[[ COLLECTED MATERIAL open ]]

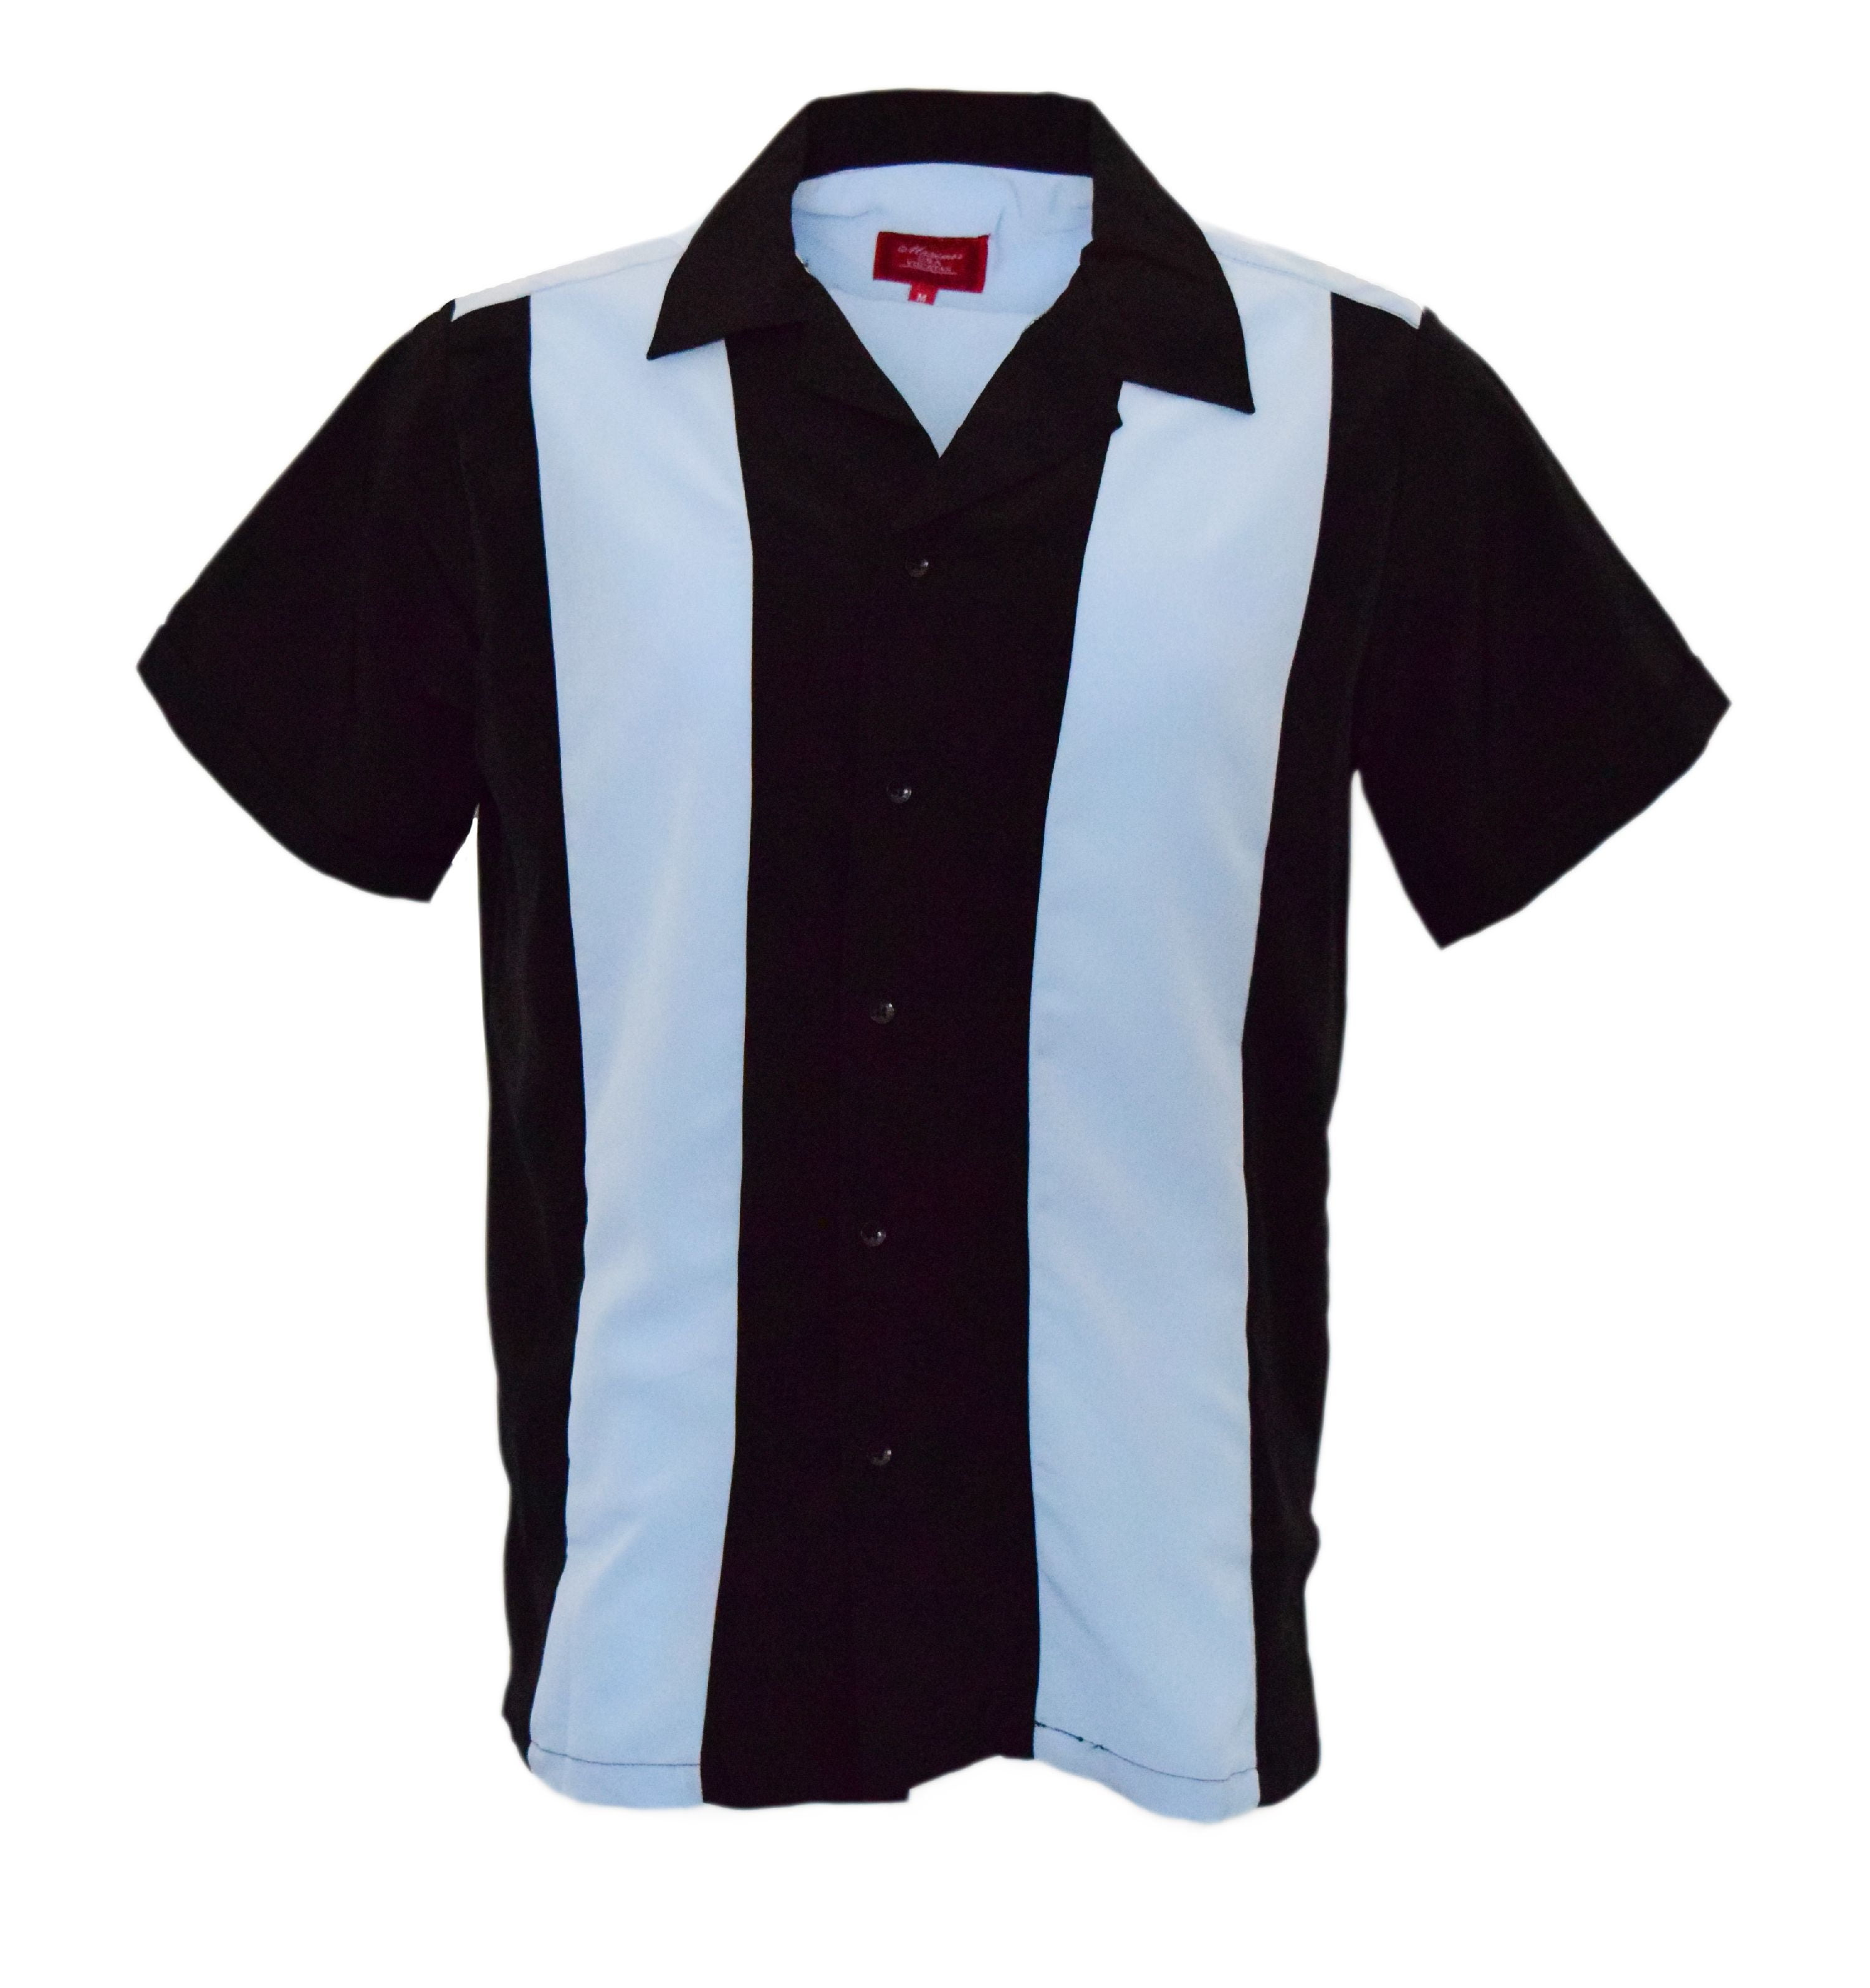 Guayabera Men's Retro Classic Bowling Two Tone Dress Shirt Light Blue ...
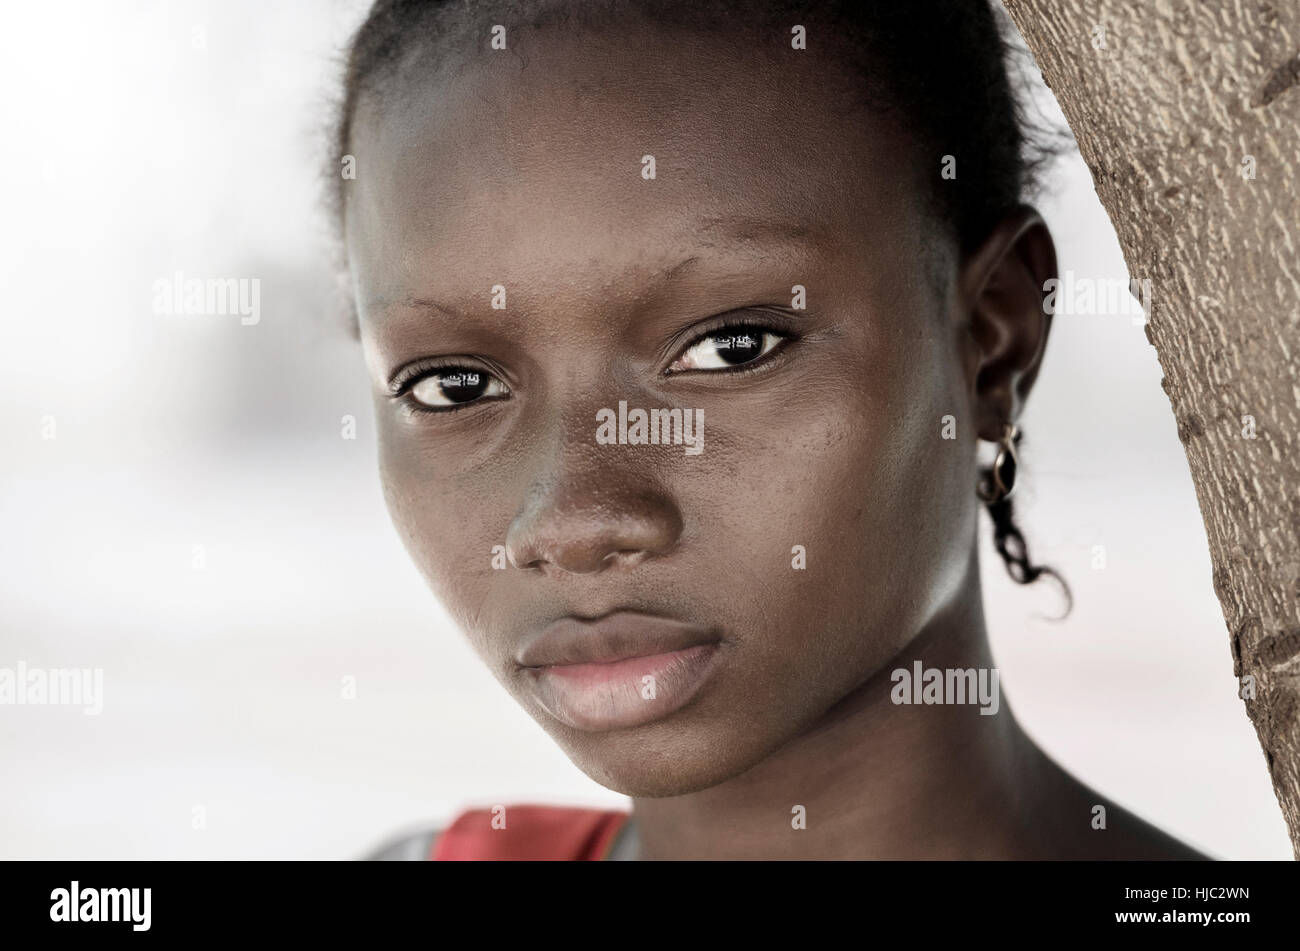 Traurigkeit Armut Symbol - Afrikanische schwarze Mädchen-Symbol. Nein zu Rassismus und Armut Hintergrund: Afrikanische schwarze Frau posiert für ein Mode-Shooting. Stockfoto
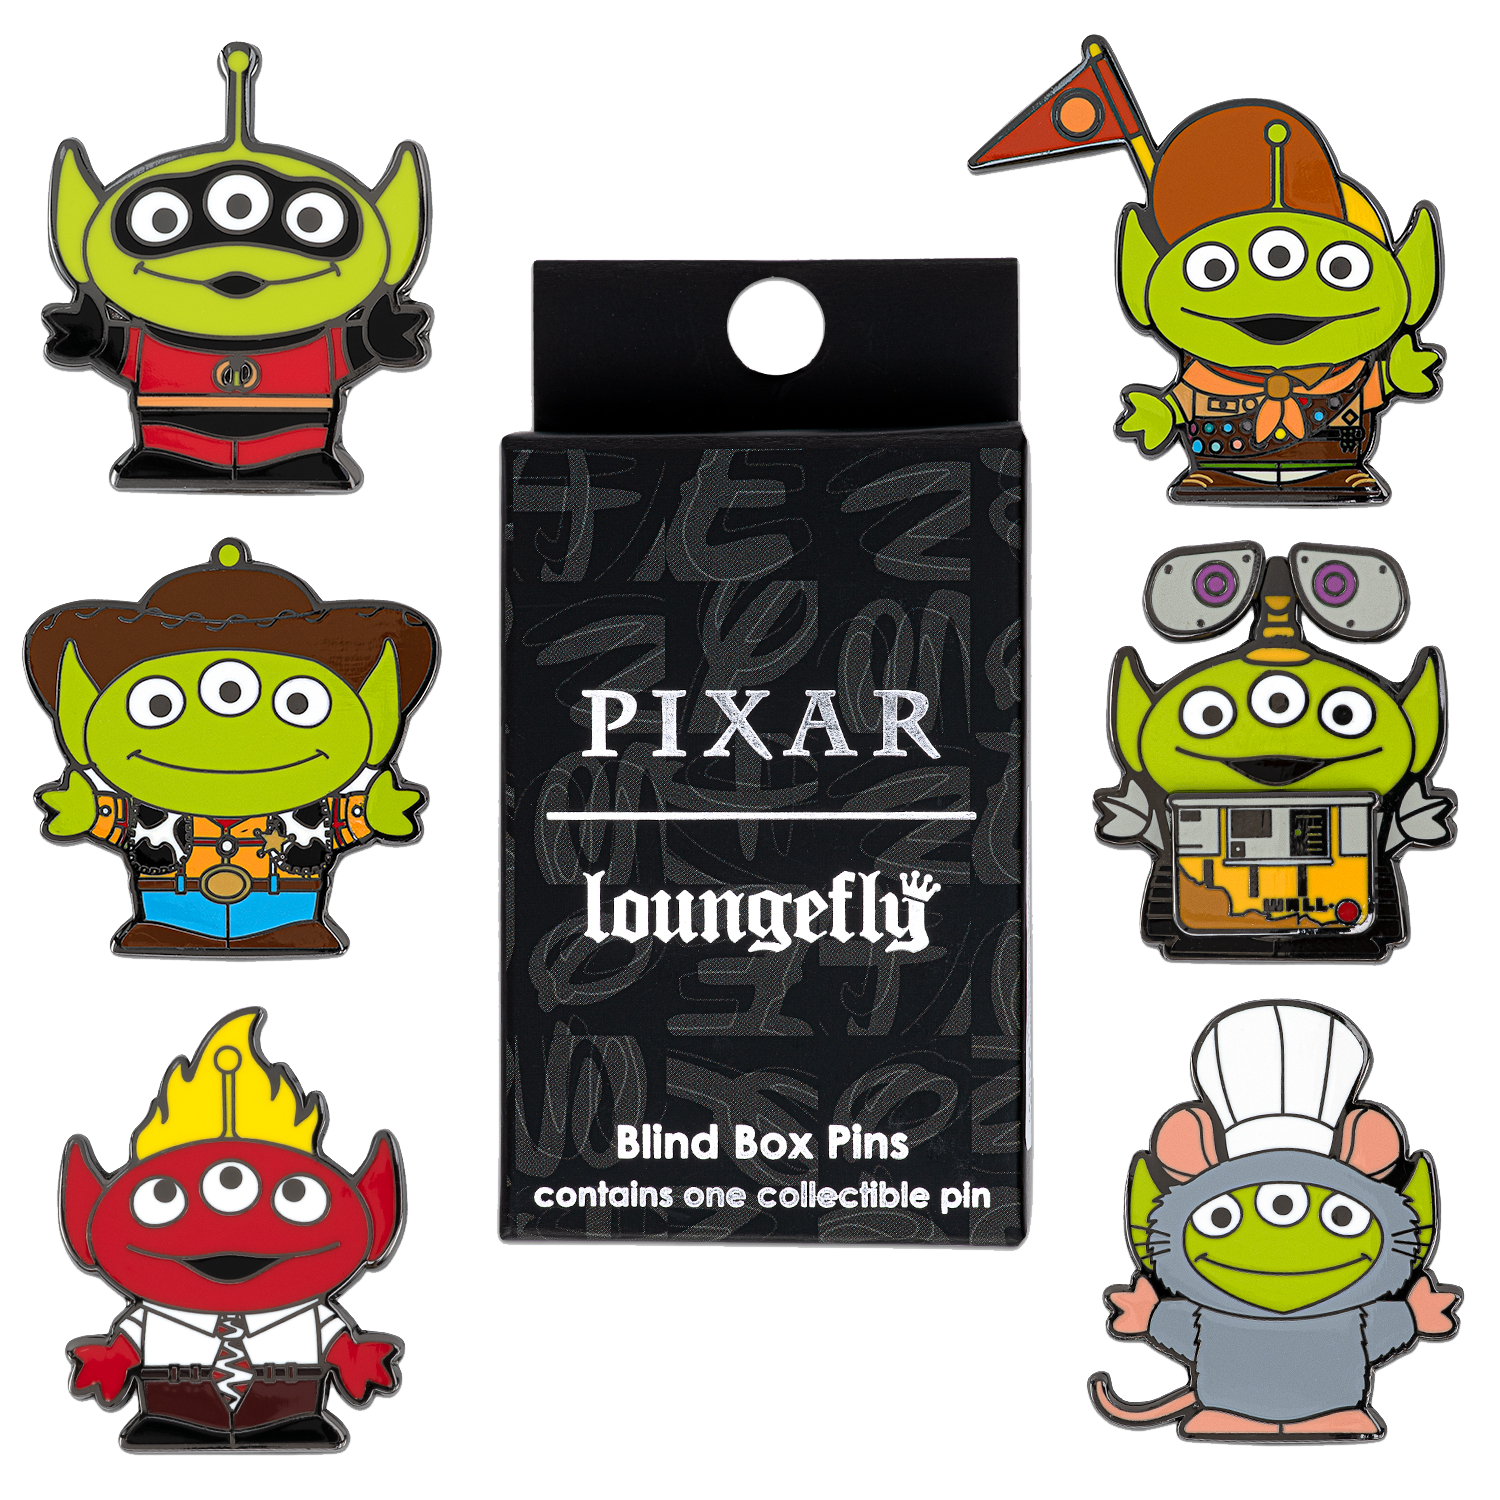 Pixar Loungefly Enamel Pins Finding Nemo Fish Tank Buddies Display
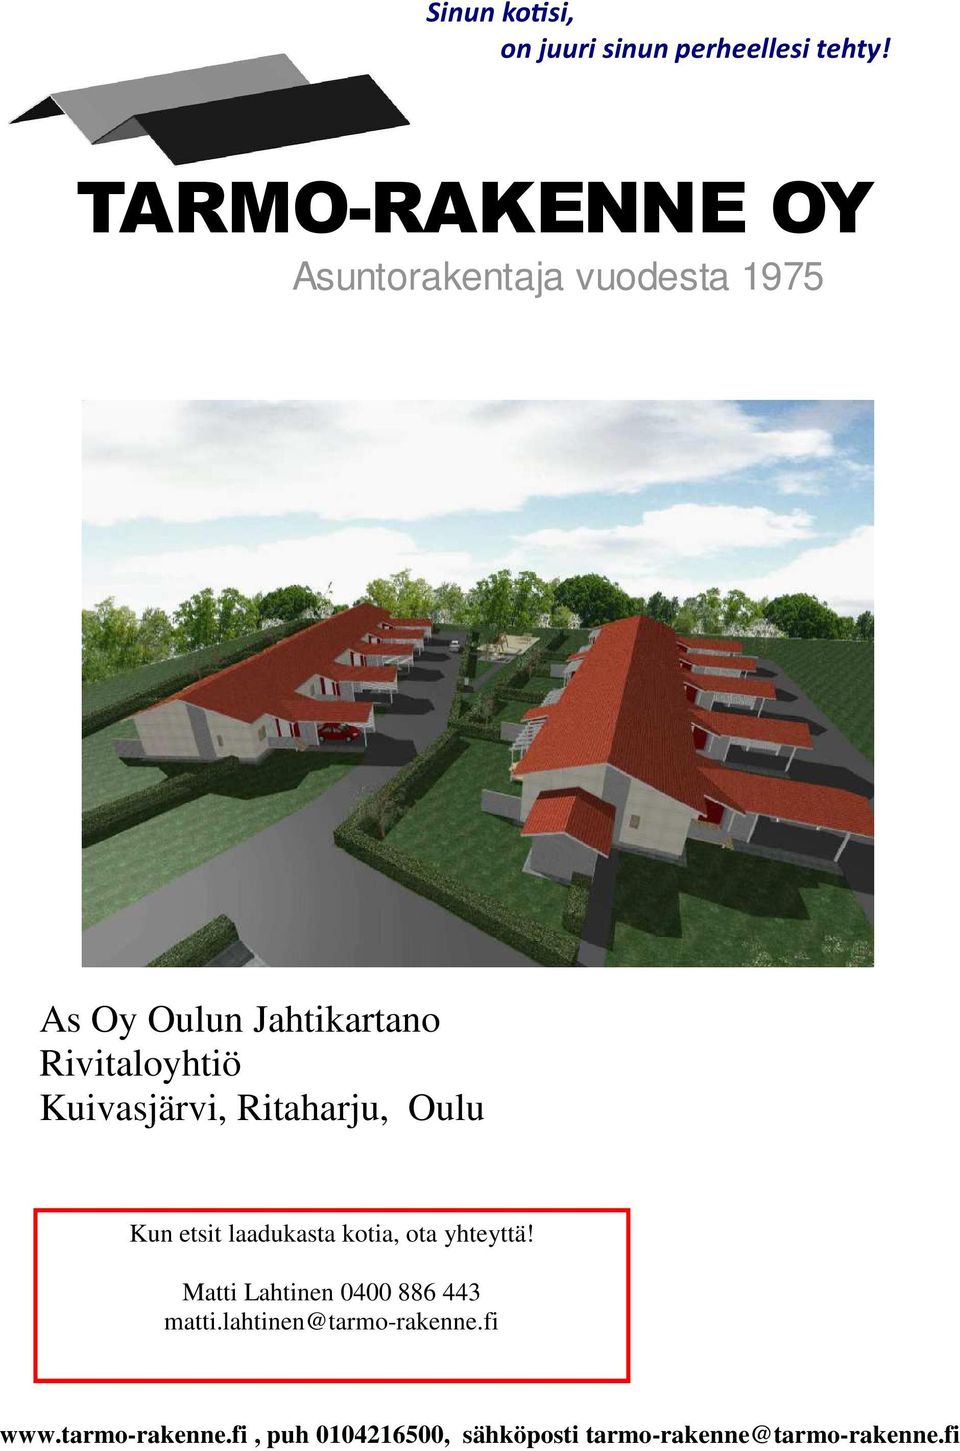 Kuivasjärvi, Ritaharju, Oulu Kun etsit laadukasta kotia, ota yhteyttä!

[[ COLLECTED MATERIAL closed ]]

WHAT IS REQUIRED: Starting at the line that holds "Traurigkeit Armut Symbol", retype every line through the end of the data, both ends included. Pictures stay out of the copy.

TASK RESULT:
 Traurigkeit Armut Symbol - Afrikanische schwarze Mädchen-Symbol. Nein zu Rassismus und Armut Hintergrund: Afrikanische schwarze Frau posiert für ein Mode-Shooting. Stockfoto
 Pixar Loungefly Enamel Pins Finding Nemo Fish Tank Buddies Display
 Kuivasjärvi, Ritaharju, Oulu Kun etsit laadukasta kotia, ota yhteyttä!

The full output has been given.